After a week without classes, my 5th-graders filed back into school. Fortunately for my class, no one had been directly affected by Hurricane Sandy beyond some minor power outages, though others in our school were not as lucky. But that is not to say we didn’t feel the effects of this tragedy in a very personal way.
My students’ eyes were full of conflicting emotions — a mixture of excitement and fear. Excitement from having experienced something so new to them, from knowing they had survived a powerful threat, and from hours of storm-related news coverage that was far beyond their 10-year-old understanding of the world. Fear about whether it was appropriate to ask questions of their teachers, about whether everyone they knew had weathered the storm safely and — especially after the onslaught of emotions they had seen in their own families — about whether they were safe yet themselves.
They had heard some schools were still closed, and the instability of childhood’s most important institution was terrifying.
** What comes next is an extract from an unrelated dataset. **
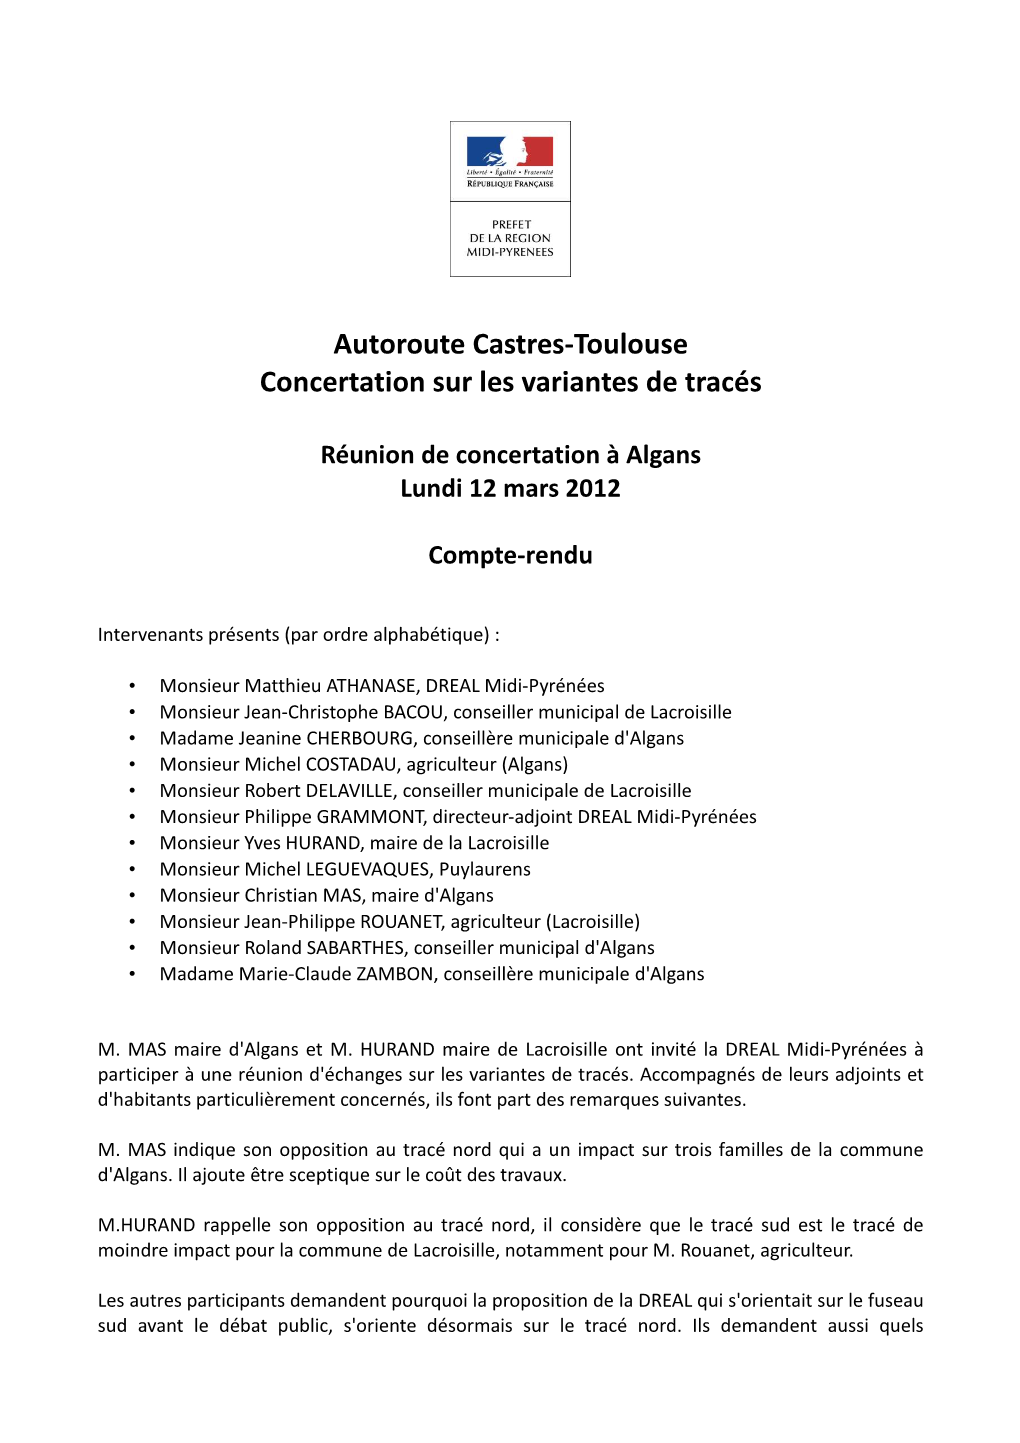 Autoroute Castres-Toulouse Concertation Sur Les Variantes De Tracés
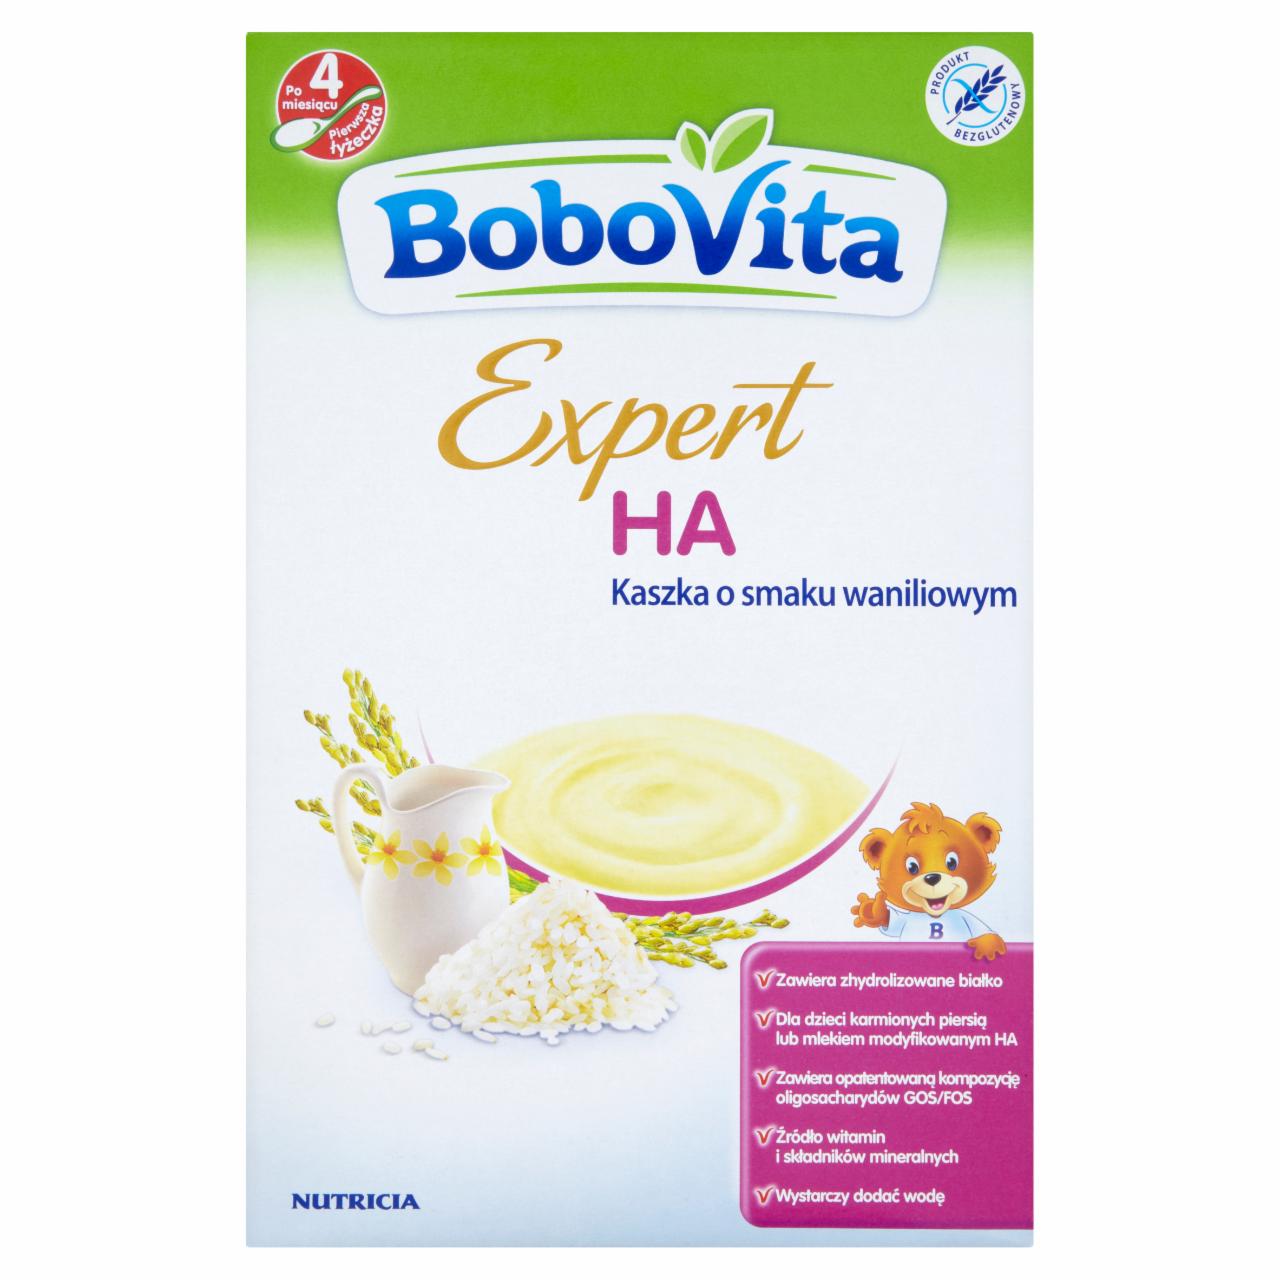 Zdjęcia - BoboVita Expert HA Kaszka o smaku waniliowym po 4 miesiącu 200 g

They had heard some teachers were not ready to come back to our school, and the vulnerability of their authority figures destroyed their sense of security. They had heard that many people, even children, had not made it through the storm, and the fragility of human life was completely overwhelming to them.
Questions and feelings quickly flooded out, unfiltered. Did I know anyone who had been killed? Did my house get swept away? Did I see all the people crying and screaming on TV? Did I hear about the kids who had been washed away from their mother? Wasn’t it exciting to have a week off? Wasn’t it boring to have a week off? The news says another storm’s coming next week — I hope we get to miss school again! The news says another storm’s coming next week — I hope I’m not stuck at home with my brother again! What’s a FEMA? What’s a nor’easter? What’s a storm surge? Why can’t we build walls? Why aren’t the subways running? Why does Mayor Bloomberg talk so much? Why does his Spanish sound so funny?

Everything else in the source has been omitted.